A neuropsychologist recommends that parents avoid using these three expressions when communicating with their children

Parenting ranks among the most demanding yet fulfilling roles in the world. It’s a role that necessitates continuous learning and adaptability. One crucial aspect of this journey is becoming emotionally intelligent parents.

Emotional intelligence involves the capacity to comprehend and manage both our own emotions and the emotions of others. This skill is of paramount importance for parents as it enables them to build strong bonds with their children and aid in their development into emotionally well-adjusted adults.

Emotionally intelligent parents exhibit several distinctive behaviors:

1. They prioritize grasping their children’s perspectives. They make an effort to view situations from their children’s standpoint and empathize with their emotions.

2. Emotionally intelligent parents remain mindful of their own emotions. They acknowledge that their emotional state can impact their children’s feelings, prompting them to handle their anger, frustration, and other negative emotions in a constructive manner.

3. They employ “I” statements when communicating with their children. This approach assists children in comprehending how their actions affect their parents emotionally.

For instance, instead of saying, “You’re being so disrespectful!” a parent might express, “I’m feeling hurt by what you just said. Can we discuss it?”

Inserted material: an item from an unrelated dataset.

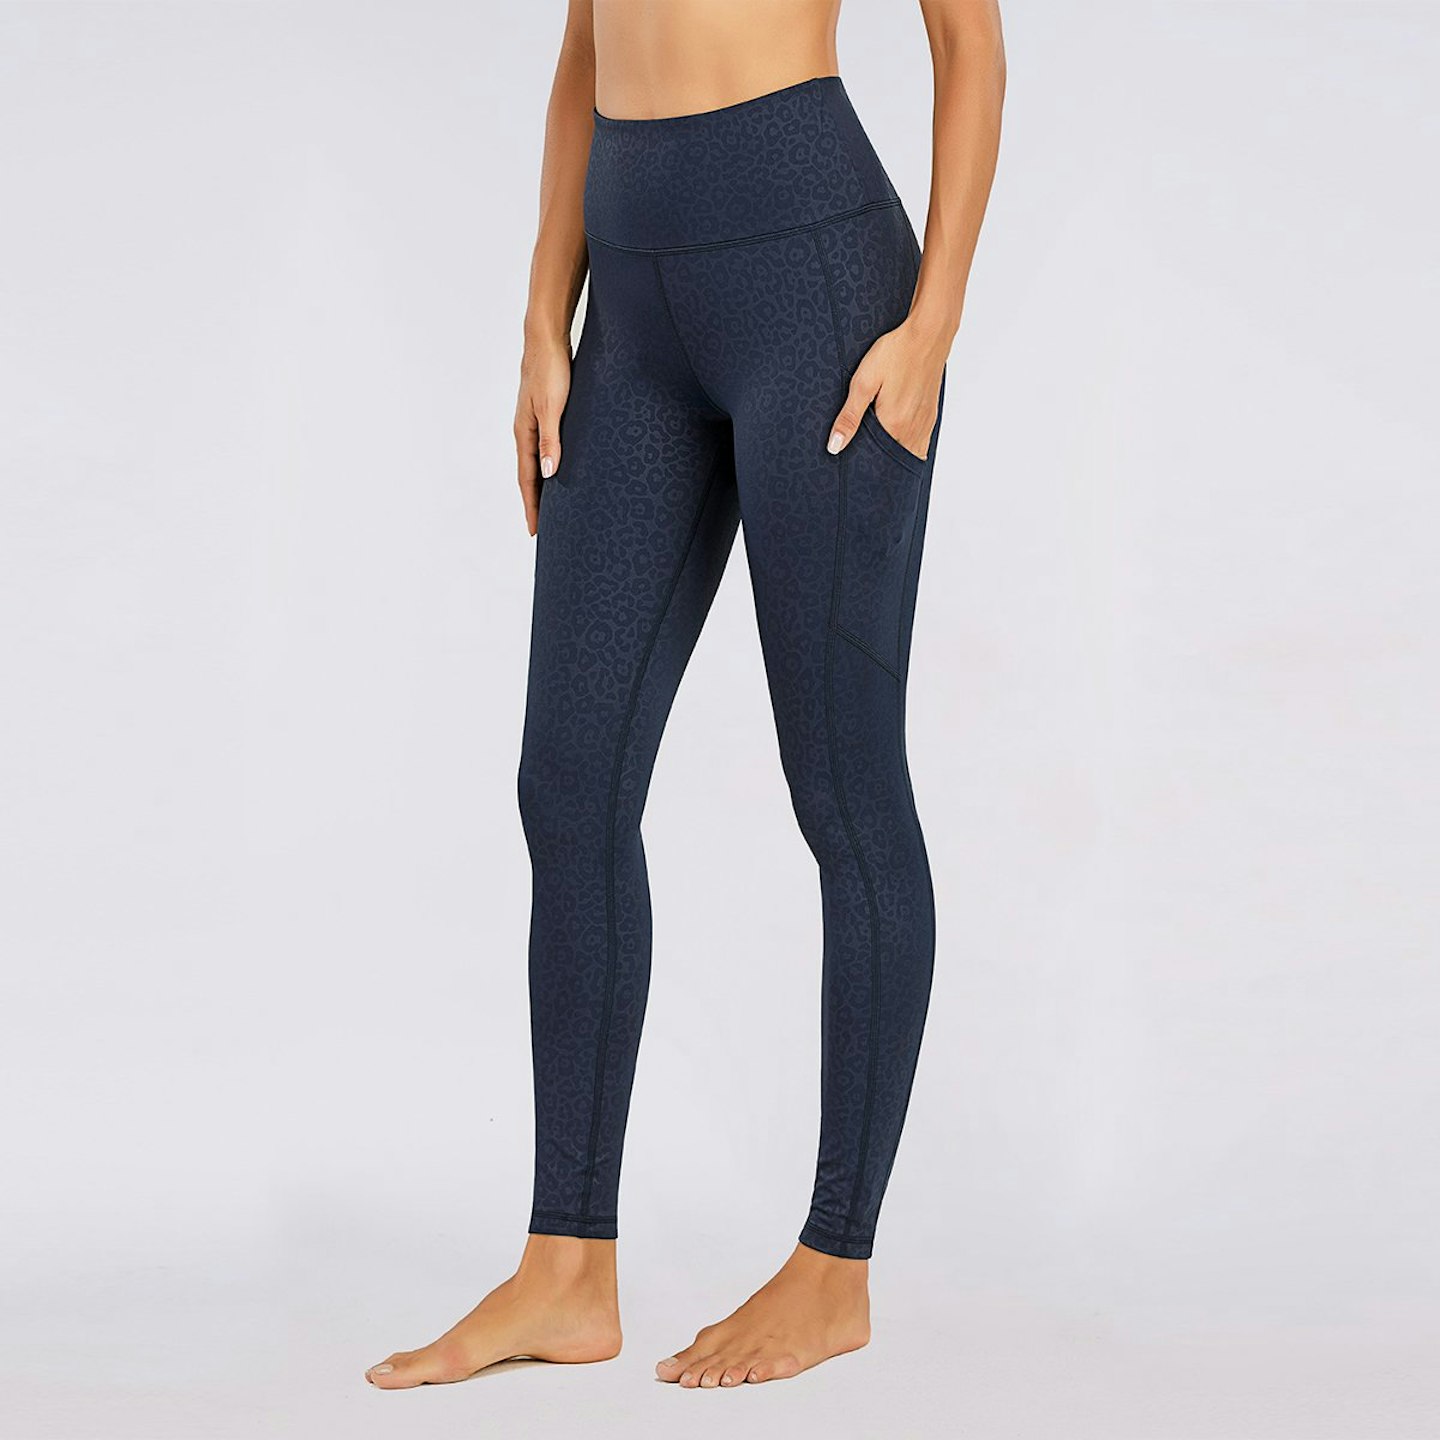 best workout leggings women Nailah, Black High-waisted Leopard Running Leggings, £46

Fifteen years ago, neuroscientists unveiled a critical brain region responsible for emotional intelligence—the prefrontal cortex. This region governs higher-order cognitive functions such as planning, problem-solving, decision-making, and emotional regulation. Research reveals that the prefrontal cortex continues to develop throughout childhood and adolescence, underscoring that it’s never too late to instill emotional intelligence skills in our children.

Three Phrases Avoided by Parents Raising Emotionally Intelligent Kids:

1. “Why can’t you be more motivated?”

Parents fostering emotional intelligence in their children avoid labeling them as “lazy” or “unmotivated.” Instead, they seek to comprehend the underlying reasons for their behavior. For example, if a child spends excessive time playing video games at the expense of homework, it might be due to boredom, feeling overwhelmed, or encountering challenges in a specific subject. Rather than asking, “Why can’t you be more motivated to study?” parents could inquire, “What do you find enjoyable about video games?” or “How can I assist you with your homework?”

2. “Why don’t you listen to me?”

Parents of emotionally intelligent children don’t take it personally when their kids occasionally fail to listen. They recognize that children are still learning effective communication and emotional regulation. Rather than demanding their children’s obedience, they aim to establish a dialogue that fosters mutual respect and understanding. They may say, “I’m trying to understand your perspective. Can you help me?” or “Effective communication is important to me. Can we try again?”

3. “You are being so disrespectful!”

Parents raising emotionally intelligent children understand that children may sometimes display disrespectful behavior. However, they refrain from making hasty judgments. Instead, they seek to comprehend the underlying causes behind their children’s actions and offer support. For instance, if a child responds with irritation, parents might refrain from shouting, “You’re being so disrespectful!” and opt for, “What’s troubling you? Are you feeling alright?” or “Your words have hurt me. Can we discuss it?”